After perusal of Lavoie and Prychitko, it is a relief to turn to Barry Smith's "Aristotelianism, Apriorism, Essentialism." Smith maintains that Austrian economics has been for at least a hundred years, "the standardbearer of the Aristotelian methodology" (p. 33). Among the tenets of this position he includes "The world exists, independently of our thinking and reasoning. . . . We can know what the world is like, at least in its broad outlines, both via common sense and via scientific method" (pp. 33–34 emphasis omitted).

Methodology is but one of the volume's parts, and the work ranges widely over "Fields of Research," "Applied Economics and Public Policy," and "History of Thought and Alternative Schools and Approaches" as well. Obviously, only a few articles can be singled out for discussion. Peter Klein's "Mergers and the Market for Corporate Control" repays careful study. As Klein insightfully notes, Rothbard showed that the exigencies of monetary calculation place "an upper bound on the size of the firm" (p. 397). Further, Mises anticipated the central point of an influential article by Henry Manne on shareholders' limitation of managerial autonomy.

Another outstanding piece, though one I am unable entirely to agree with, is Leland Yeager's "Utilitarianism." Yeager spurns act-utilitarianism; instead, like Mises and Hazlitt before him, he makes the promotion of social cooperation "the indispensable means to what human beings find good for themselves individually and jointly" (p. 330).

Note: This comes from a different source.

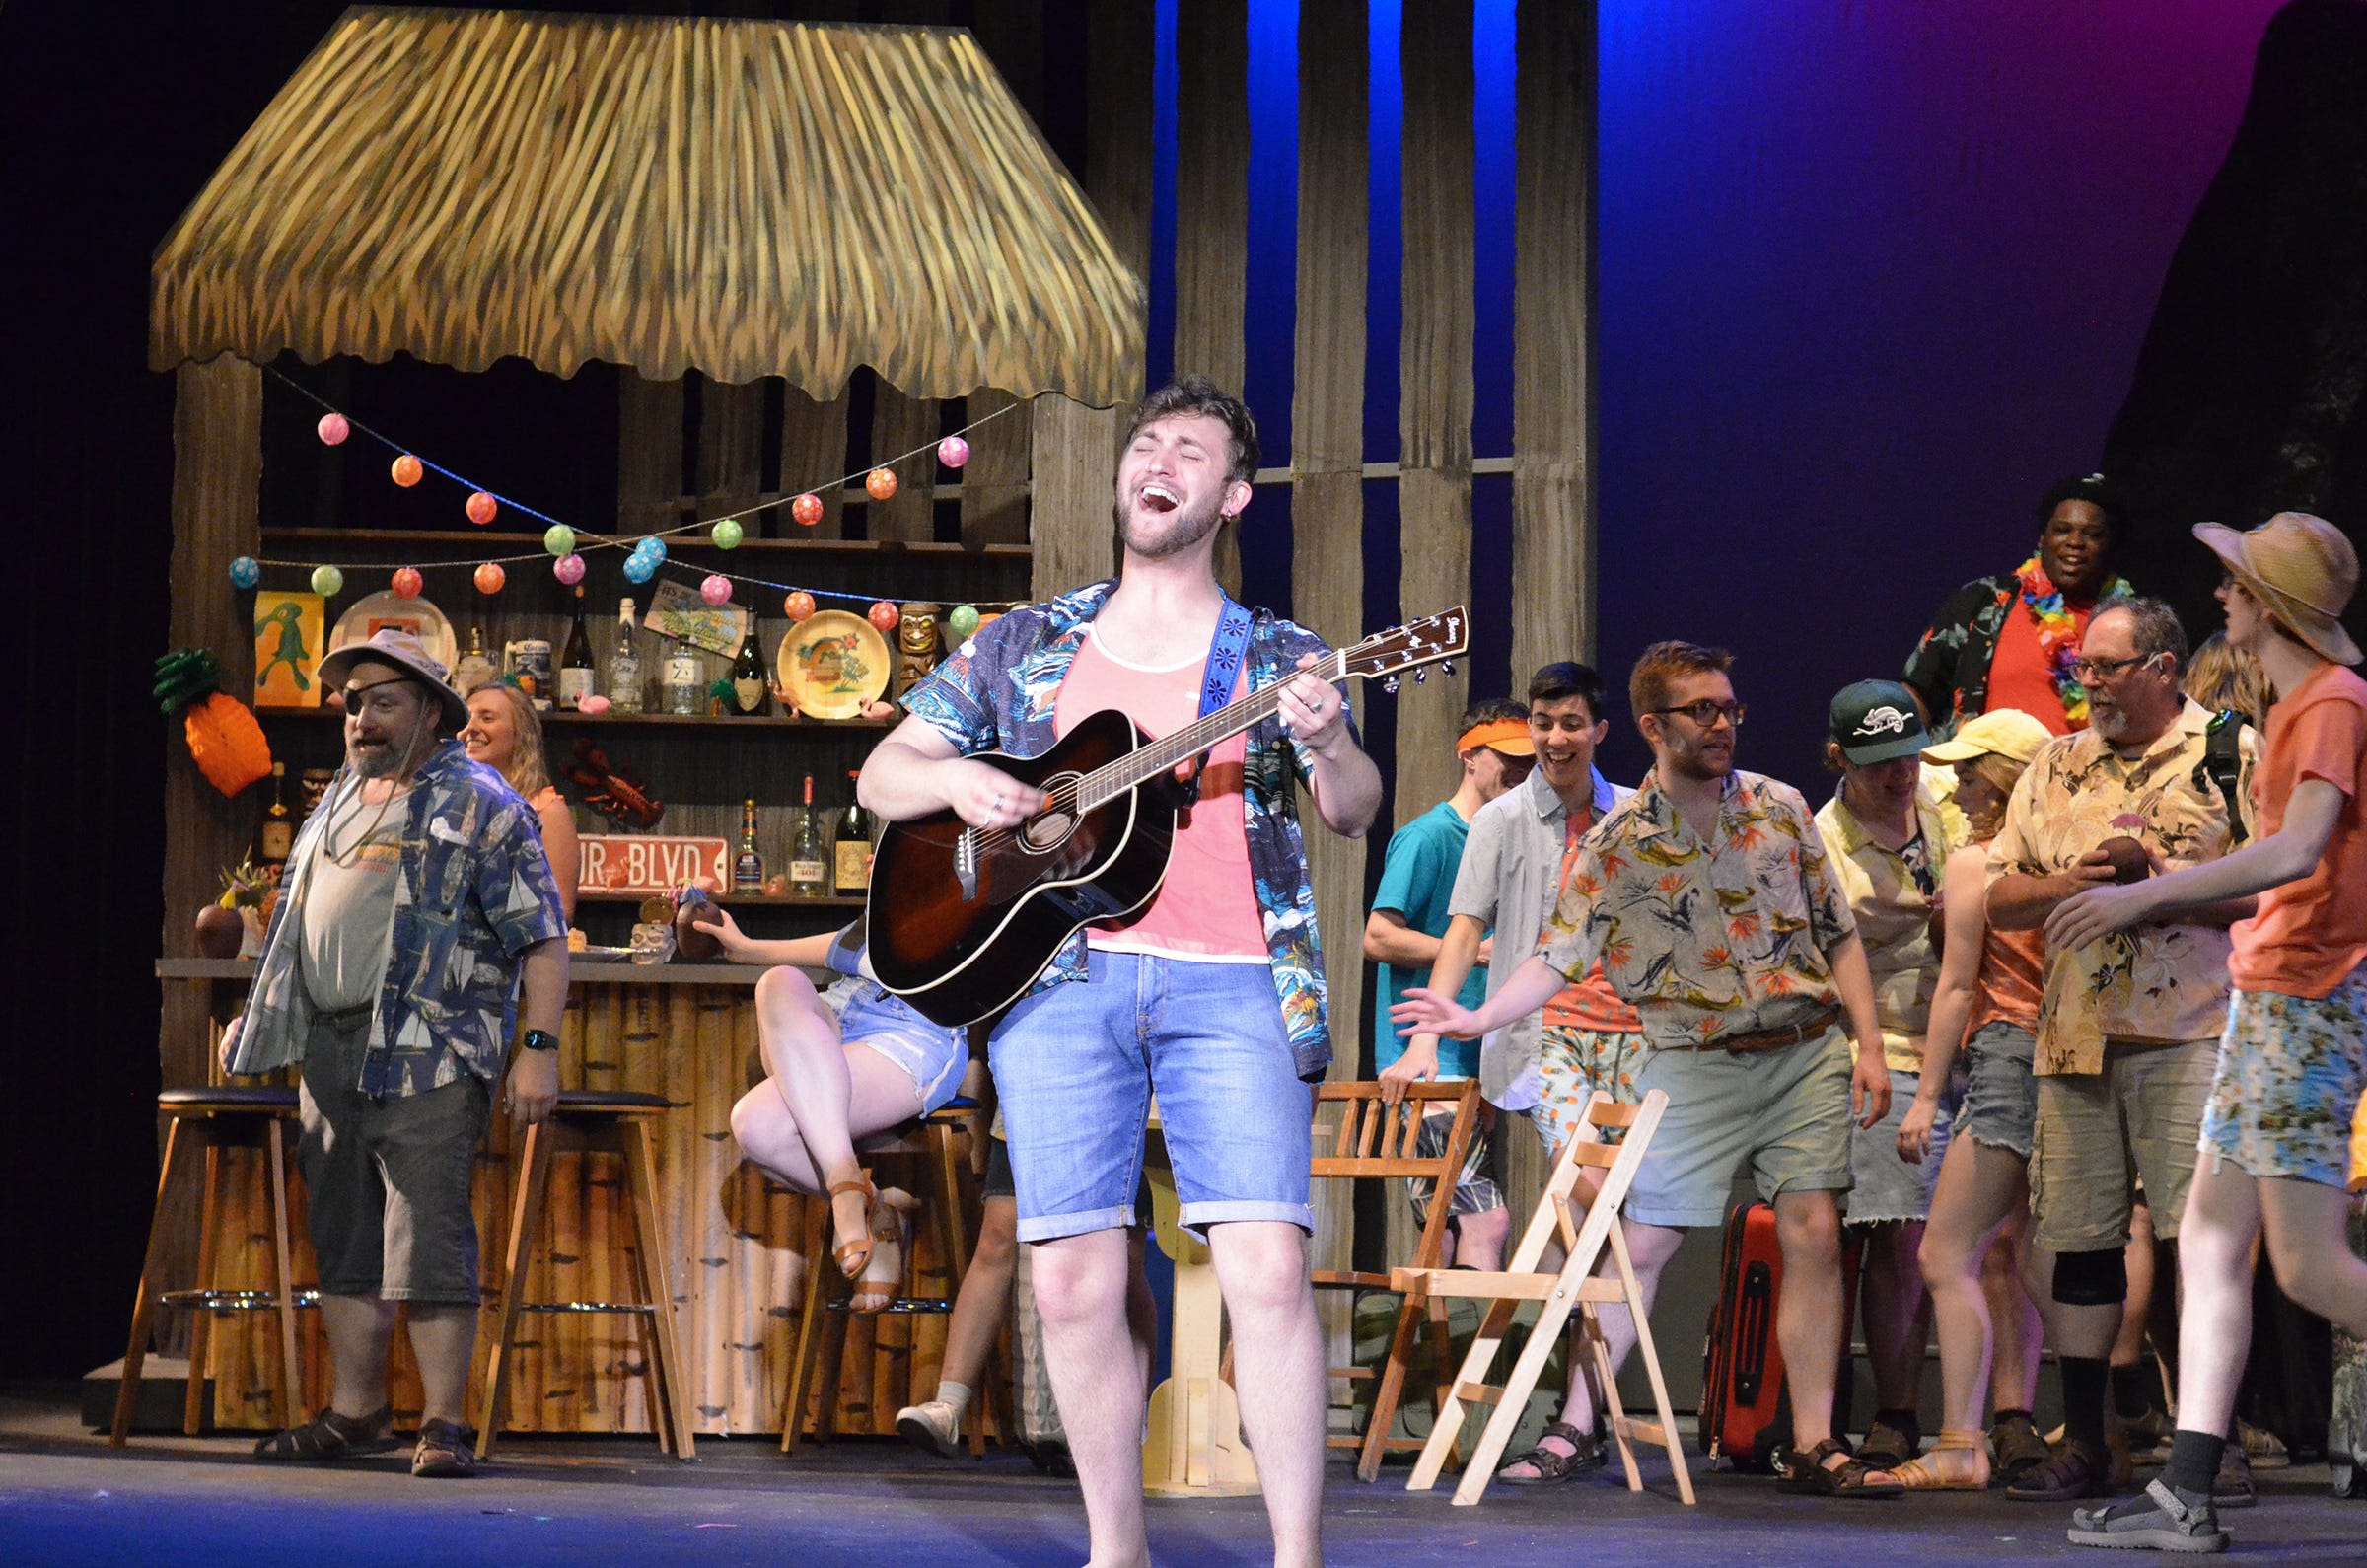 Jimmy Buffett tunes tell story of 'Escape to Margaritaville' at Croswell Opera House

Yeager clearly has identified a central element in ethics, but I doubt that the sum and substance of morality can be derived from social cooperation alone. How, as an instance, does social cooperation bear on the rightness or wrongness of abortion?

The essays by Robert Batemarco and Peter Lewin on capital theory and the business cycle respectively are competent and welcome, and the cycle is discussed in a few other places. But why are so few pages allotted to discussion of Austrian macroeconomics? Did Hayek not merit the Nobel Prize for work on the Misesian theory of the business cycle? Did this theory, and related matters of capital and interest, not propel the Austrian school into new prominence? Is the Austrian theory of the interest rate so insignificant as to warrant no entry?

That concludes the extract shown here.